O próximo passo para viabilizar essa transformação é a descentralização da internet. O surgimento das Organizações Autónomas Descentralizadas (DAO, Decentralized Autonomous Organization), com regras especificadas por contratos inteligentes executados e validados no Blockchain, criará entidades auto-governadas. O primeiro exemplo bem sucedido foi a Bitcoin, agora surgiram os NFTs (tokens não fungíveis, non fungible tokens), mas tudo isso é apenas a ponta visível de um processo muito mais amplo.

Por isso, ainda que os cripto ativos como o NFT possam estar inflacionados pelo hype, não se trata de uma bolha, pelo menos no sentido clássico. Estamos a assistir à estrutura central dessa mudança a ser montada e começado a ser utilizada (ou notada) por pessoas além da comunidade de utilizadores pioneiros.

Fases da web

A internet nasceu descentralizada e foi construída sobre protocolos abertos, como HTTP, SMTP, SMS, FTP E IRC para sites, e-mail, mensagens, transferências de arquivos e chats. Qualquer pessoa podia construir aplicações e um site, por exemplo, podia ser diretamente acedido por um utilizador, sem intermediários.

Em meados dos anos 2000 veio a primeira grande mudança da Internet. Conhecida como Web 2.0, essa nova internet possibilitou a construção de interfaces simplificadas e facilitaram o caminho para que qualquer pessoa pudesse ter uma presença online, com o surgimento primeiro de blogs e depois de redes sociais que tornaram incrivelmente fácil publicar qualquer coisa online, sem necessidade de saber uma linha de código sequer.

Para tornar essas interações possíveis e personalizar a experiência, era preciso recolher dados dos utilizadores. Com o passar do tempo, a capacidade de recolher dados cresceu, assim como a possibilidade de capturar valor, até esse aspecto se tornar o foco principal dessas plataformas.

Essa é a internet que temos hoje: plataformizada e centralizada. Apesar dos inegáveis avanços que essa evolução possibilitou (auto publicação, facilidade de agregação, democratização do alcance, pluralidade de vozes, a lista é imensa), as mudanças provocadas pela plataformização afastaram-nos da proposta original da internet, descentralizada e livre.

Hoje, plataformas como Facebook, Twitter, Google, Spotify etc, são as verdadeiras donas de conteúdo e, principalmente, das comunidades que criamos. Algoritmos pouco transparentes decidem o que reverbera mais ou menos. Através de termos de utilização igualmente opacos, as plataformas decidem quem pode ou não utilizá-las. E se por algum motivo decidirem encerrar o seu perfil, não pode levar o seu conteúdo, muito menos os seus seguidores para outro lugar.

Web3: descentralização

A próxima era da Internet já começou com a promessa de corrigir e aperfeiçoar alguns desses aspectos.

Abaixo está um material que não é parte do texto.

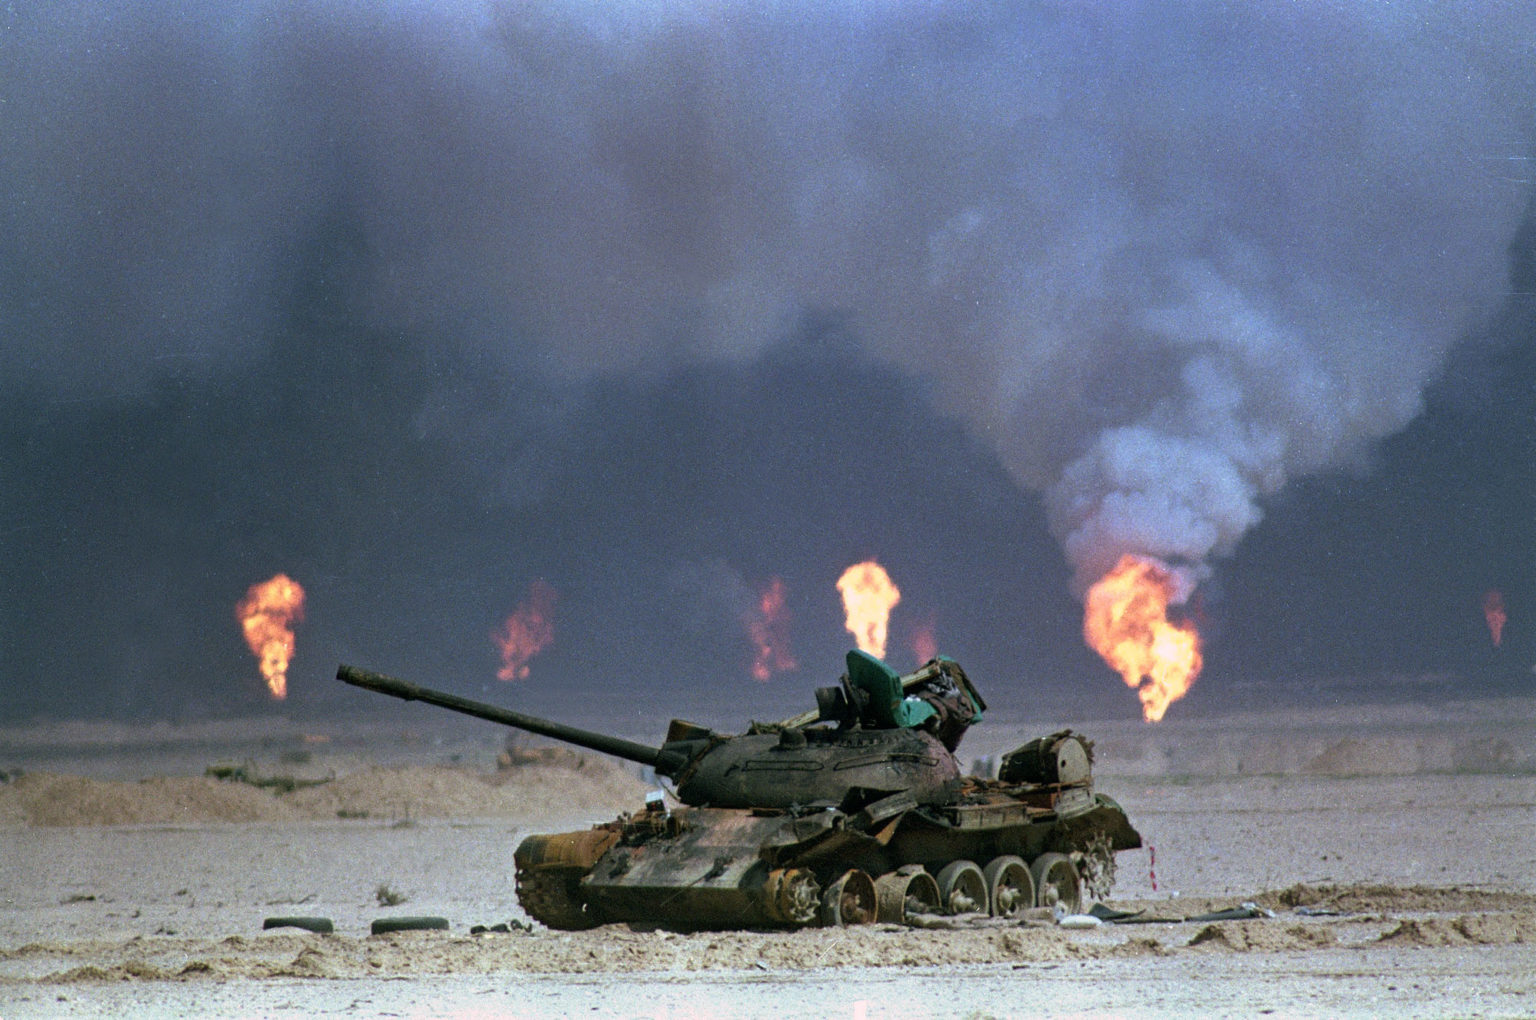 عملیات طوفان صحرا ، که به عنوان اولین جنگ خلیج فارس شناخته می شود ...

A Web3 está a ser construída sobre redes cripto económicas, como Bitcoin e Ethereum. Combinando as melhores características das duas primeiras eras da Internet, a Web3 será formada por redes descentralizadas e governadas pela própria comunidade, com uma capacidade de gerir recursos maiores do que os serviços centralizados de agora. Junto com essas melhorias, por serem redes criptografadas e sem um responsável único, também veremos novas questões e desafios se apresentarem.

A ideia central da Web3 gira ao redor do consenso, com o aspecto financeiro embutido. Sai o conceito de um órgão centralizador para validar as ações (por exemplo, uma rede social que determina o que pode ou não ser publicado) e entra um mecanismo de consenso e validação distribuído em milhões de nós de uma rede.

Outro aspecto crucial é a interoperabilidade. O protocolo descentralizado SMTP da internet original permite que se envie um e-mail de um servidor para outro (de um Gmail para um Hotmail) sem atrito. Já na Web 2.0, centralizada, não é possível enviar uma mensagem do Twitter diretamente para o Facebook. As redes descentralizadas da web3 permitirão a interoperabilidade entre praticamente tudo, revolucionando todas as indústrias.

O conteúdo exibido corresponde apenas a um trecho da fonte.